Prevention: ensure at least one of the four conditions cannot occur. Avoidance: use algorithms (like Banker's Algorithm) to ensure the system never enters an unsafe state. Detection and Recovery: allow deadlocks to occur, detect them, and recover (by killing processes or preempting resources). Ignorance: ignore the problem and restart if it occurs (used by most desktop OS due to rarity of deadlocks).
File Systems
What is a file system?
A file system is the method an OS uses to organize, store, and retrieve files on storage devices. It manages how data is physically arranged on disk and maintains metadata (file names, sizes, permissions, locations, timestamps). Common file systems: NTFS (Windows), ext4 (Linux), APFS (macOS), FAT32 (portable drives, limited to 4GB file size).
What is fragmentation?
Internal fragmentation: wasted space within allocated memory blocks (a process gets more space than it needs).

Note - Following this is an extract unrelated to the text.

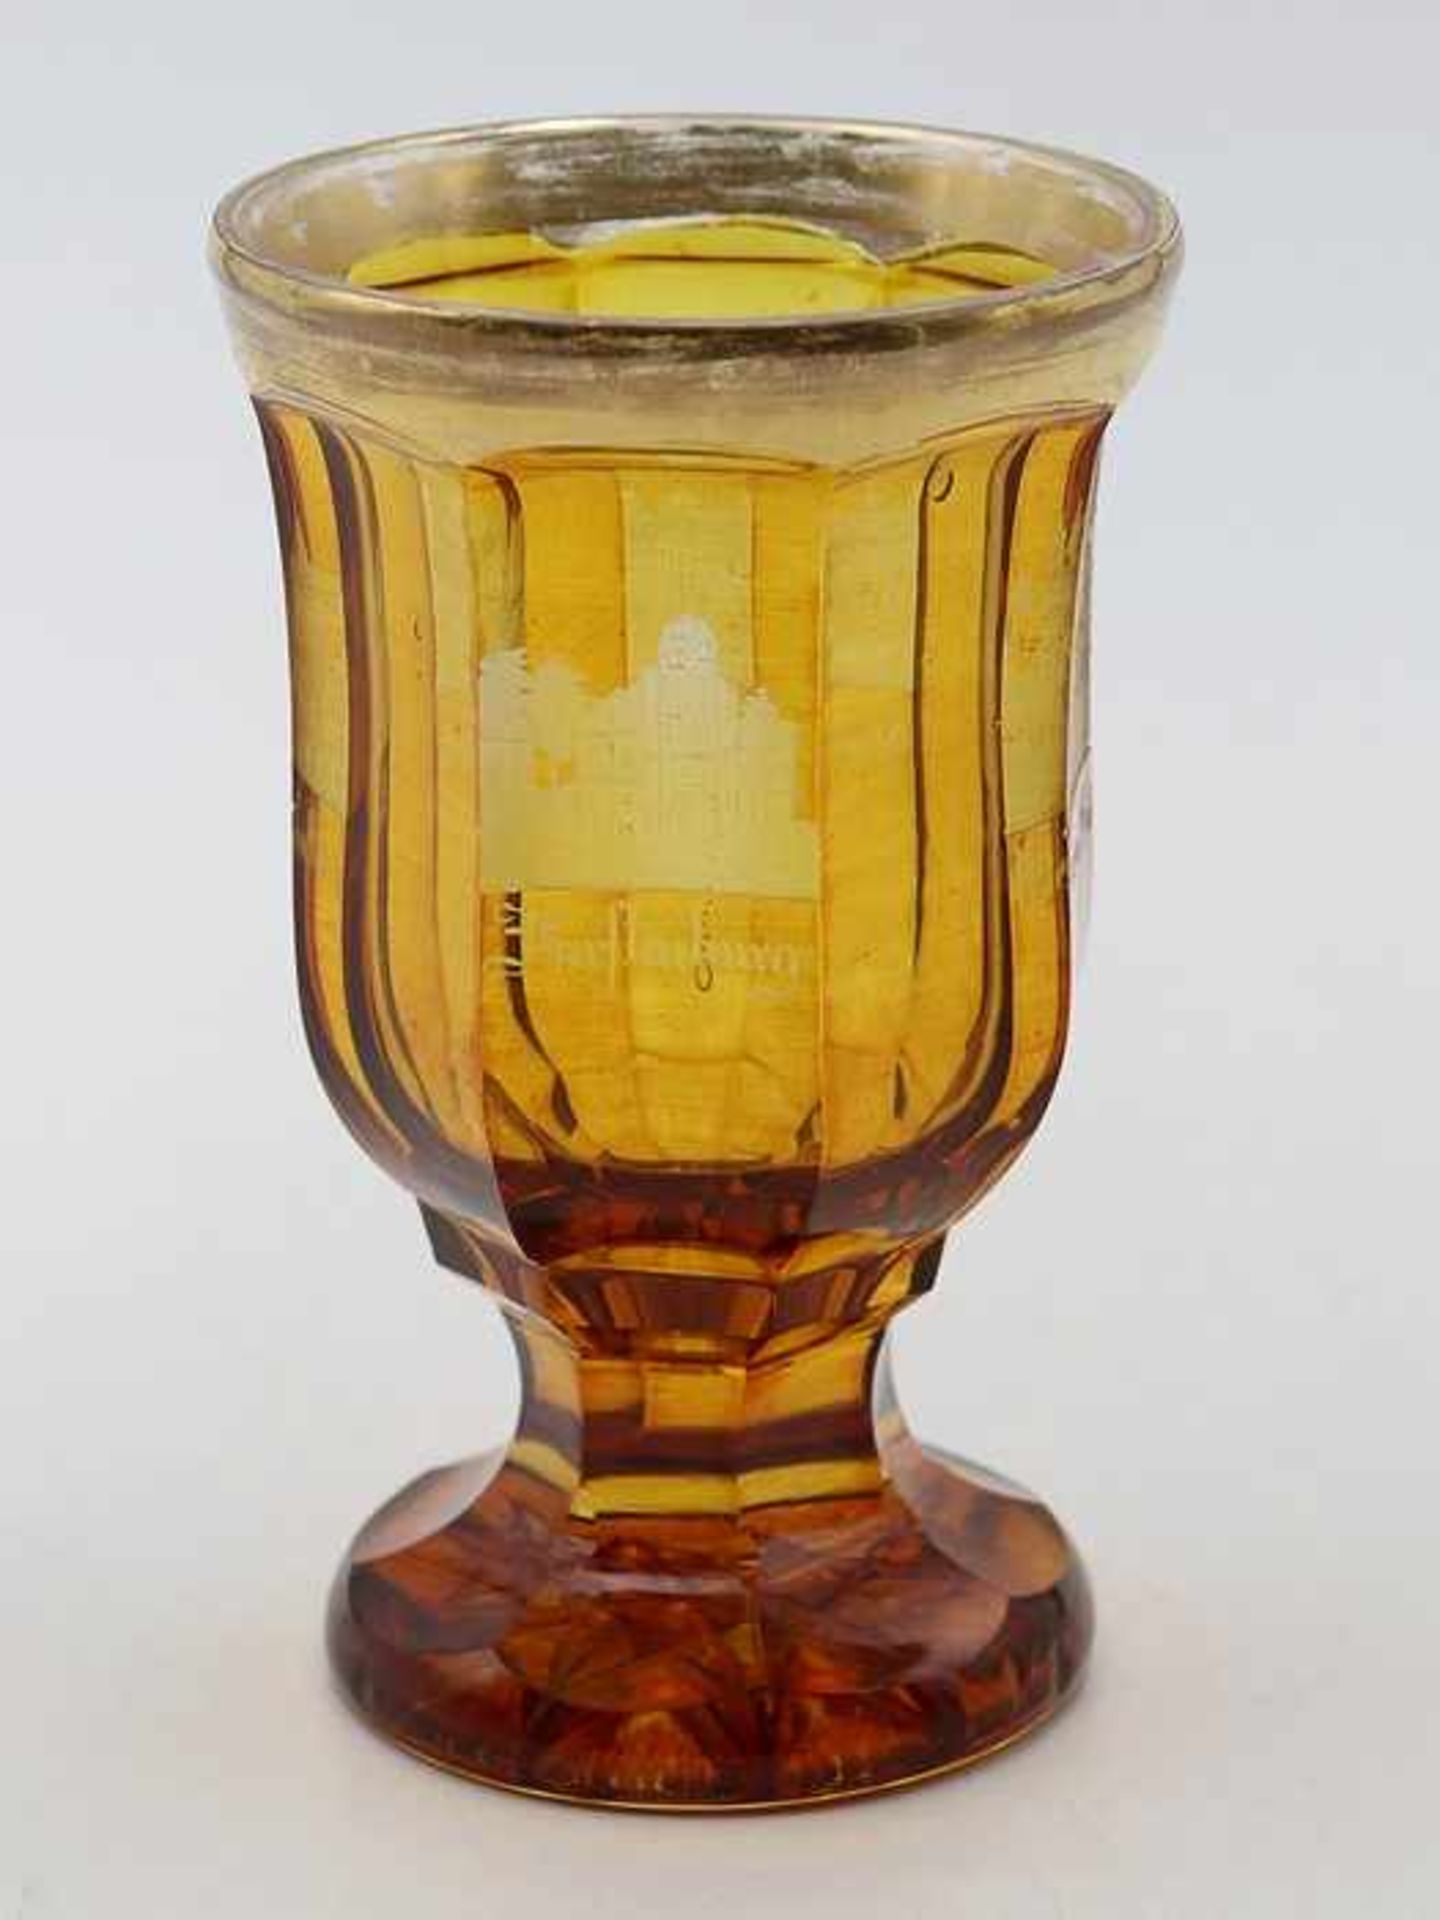 Bäderglas19. Jh., bernsteinfarbenes Glas, runder Stand m. aufwendigem Bodenstern, breiter fac.

External fragmentation: enough total free memory exists but it is scattered in non-contiguous blocks too small to satisfy a request. Compaction (moving processes to create contiguous free space) or paging can solve external fragmentation.
Key Takeaways
- Understand process states and transitions — draw the state diagram from memory
- Know at least three CPU scheduling algorithms with their advantages and disadvantages
- Virtual memory, paging, and page faults are consistently tested topics
- Deadlock requires knowing the four conditions and prevention/avoidance strategies
- Practice explaining concepts in your own words — interviews test understanding, not memorization
- Use real-world analogies to demonstrate deep understanding in interviews
- Draw diagrams for process state transitions, memory allocation, and scheduling timelines
Exam Focus
Revise definitions, diagrams, examples, and short-answer points for Operating System Interview Questions — Computer Fundamentals.
Interview Use
Prepare one clear explanation, one practical example, and one common mistake for this Computer Fundamentals topic.